Scaevola obovata is a species of flowering plant in the family Goodeniaceae and is endemic to Central Australia. It is a spreading shrub with woody and hairy lower branches, sessile, toothed, egg-shaped to oblong leaves, and spikes of blue flowers.

== Description ==
Scaevola obovata is a spreading shrub that typically grows up to 50 cm and often has tough, woody lower branches covered with soft, simple hairs and many short, glandular hairs. Its leaves are sessile, egg-shaped with the narrower end towards the base, to oblong, 30–40 mm long and 10–20 mm wide with toothed edges. The flowers are borne in spikes up to 150 mm long, with leafy bracts and linear bracteoles 6–8 mm long. The sepals are rim-like and sinuate and the petals blue, 16–18 mm long, with soft hairs and short, glandular ones on the outside and densely bearded inside. The ovary has two locules. Flowering possibly occurs from May to August but the fruit has not been observed.

==Taxonomy==
Scaevola obovata was first formally described in 1992 by Roger Carolin in the Flora of Australia from specimens collected by Joseph Zvonko Weber (1930–1996) on Dulgunia Hill in the Tomkinson Ranges in 1978. The specific epithet (obovata) means 'inverted egg-shaped', referring to the leaves.

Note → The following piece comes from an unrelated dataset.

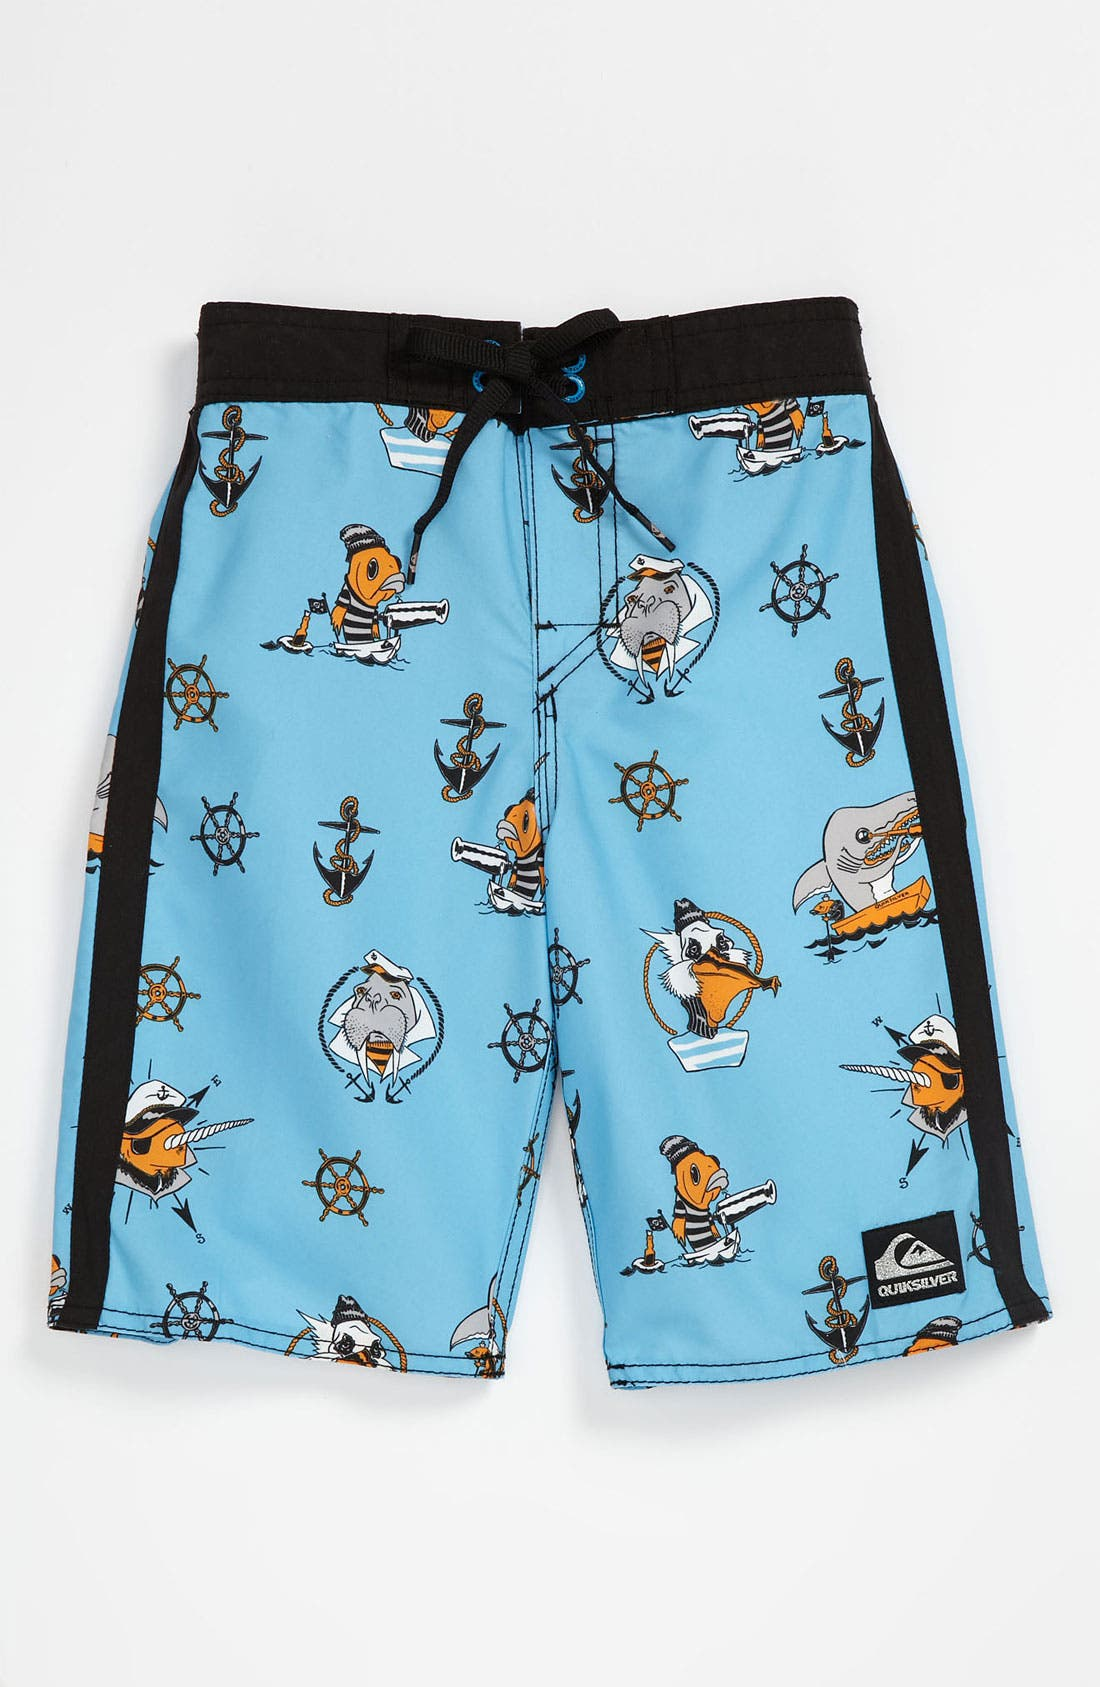 Alternate Image 1 Selected - Quiksilver 'Briny Deep' Board Shorts (Little Boys)

==Distribution and habitat==
This species of Scaevola grows on rocky hillsides in the Tomkinson Ranges in the north-west of South Australia and the Burt Plain and Central Ranges of the Northern Territory.

==Conservation status==
Scaevola obovata is listed as 'vulnerable' in South Australia and as 'data deficient' under the Northern Territory Government Territory Park and Wildlife Conservation Act.